When I was working on spam and malware and fraud, blocking content was a good thing. If you don’t see spam in your email anymore, that’s good. But in [deplatforming], these people don’t go away, they just move somewhere else. . . Those who do migrate become more active, they become more toxic.
“When I was working on spam and malware and fraud, blocking content was a good thing. If you don’t see spam in your email anymore, that’s good,” Stringhini says. “But in this case, these people don’t go away, they just move somewhere else. These communities, they migrate, they create their own servers, and their own websites after they are suspended—but only a fraction of the members of these communities will migrate, because those are only the ones that are very committed to the cause. Those who do migrate become more active, they become more toxic. And, potentially, they come back and organize aggression attacks against their original community.”
In some cases, pushing a toxic group into the shadows only serves to harden its resolve. At the same time, he says, deplatforming as a means to shield other users from these vitriolic viewpoints does seem to work. When certain topics or users are kicked off mainstream social media sites, fewer people see their posts. The catch-22 is that those posts, swept under the rug, tend to fester there.
Flagging Harassment and Stopping Trolls
Stringhini isn’t satisfied with just identifying the problem; he also wants to develop meaningful solutions. And, for some problems, he has.
In 2019, Stringhini and his collaborators built a machine learning tool that helps online platforms identify and flag coordinated harassment attacks in their nascency. These sorts of pile-ons are typically the result of an organized campaign against a person or group, and result in a bombardment of hateful and aggressive comments from a brigade of online trolls. The targeted harassment that female game developers and gamers faced a few years ago is one such example.
There’s typically a pattern of posting and cross-posting in the lead-up to these types of attacks, Stringhini says, and he’s trained an algorithm to detect that pattern before the attack campaign can gain too much steam.

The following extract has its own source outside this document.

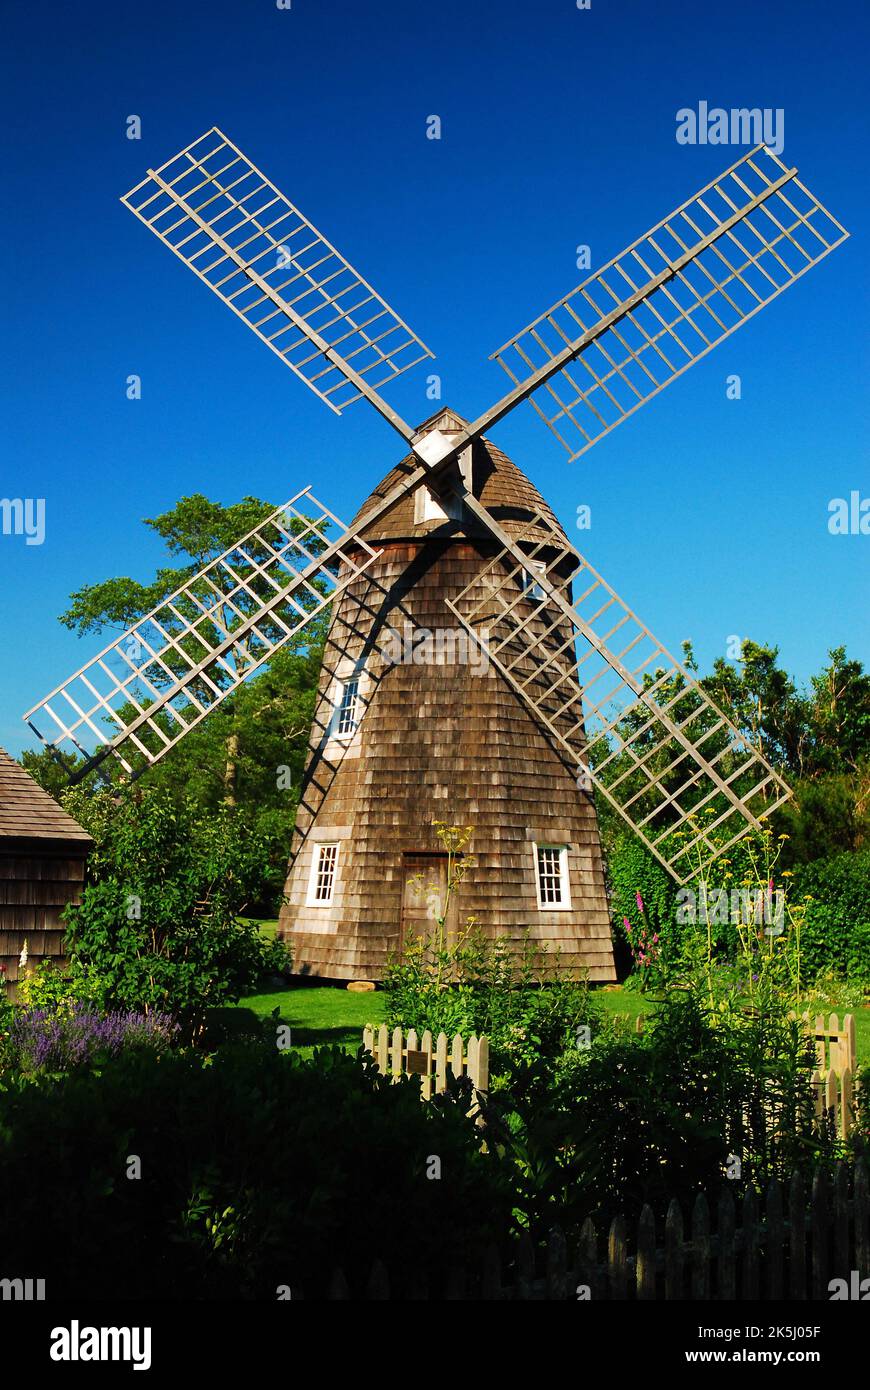 Un moulin à vent historique en bois se trouve au centre d'un jardin d'été fleuri dans un musée dédié à la vie rurale coloniale Banque D'Images
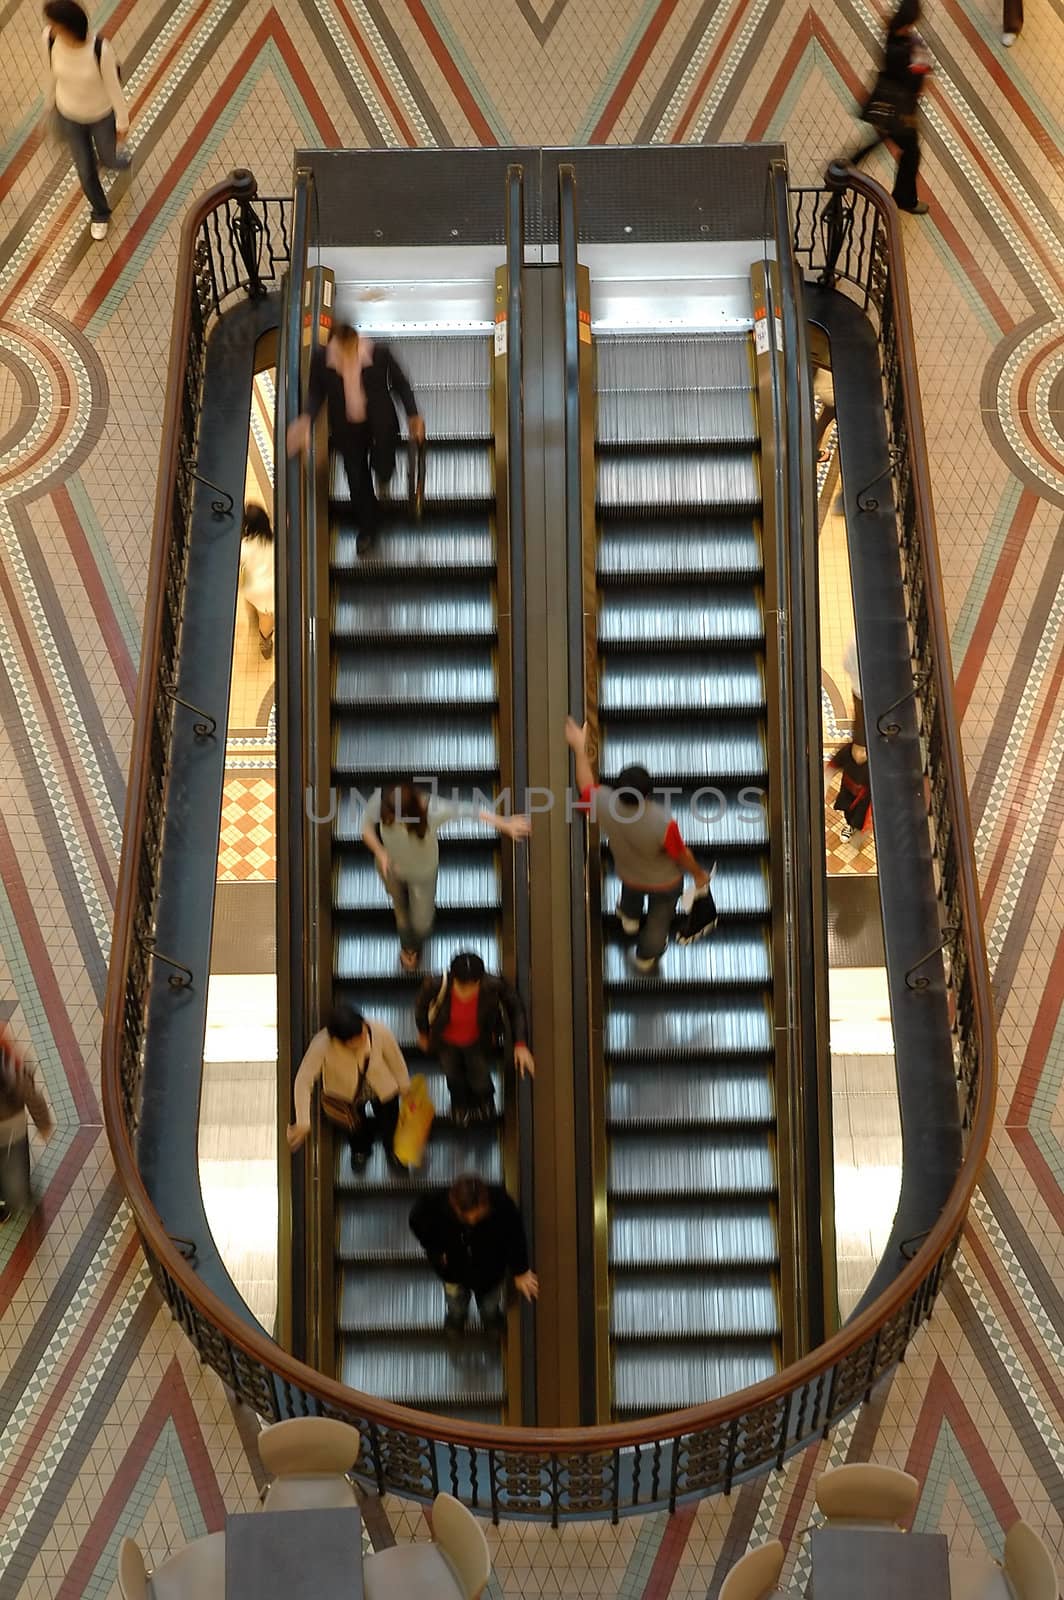 elevators in motion, blured people, photo taken in queen victoria building in sydney

This work animates Stringhini, but it can also be exhausting at times, he says. He himself has been trolled, seen his image edited into “all sorts of unsavory poses,” and has received “weird and threatening emails” because of the work he does.
“We try to do our best at keeping our sanity by taking breaks, talking to others about the issues we may get, and so on,” Stringhini says. “Luckily, I’ve never felt like there was a real danger. But this also shows how dangerous this can be. If I get these kinds of messages as a white guy, I can only imagine how more marginalized people may get targeted.”
As the line between our online and offline lives becomes blurrier, Stringhini feels a greater urgency to his work of making the web a safer place for everyone.
“Maybe these aren’t the biggest challenges we’re facing as a society, but it has become clear that these are important challenges,” he says. “The rise in conspiracy theories, especially around the [US] elections, is alarming. At the same time, as online life has become more important for people—especially during the pandemic—you should be able to feel safe there. If I can contribute to people feeling even a little safer, that’s what I want to do.”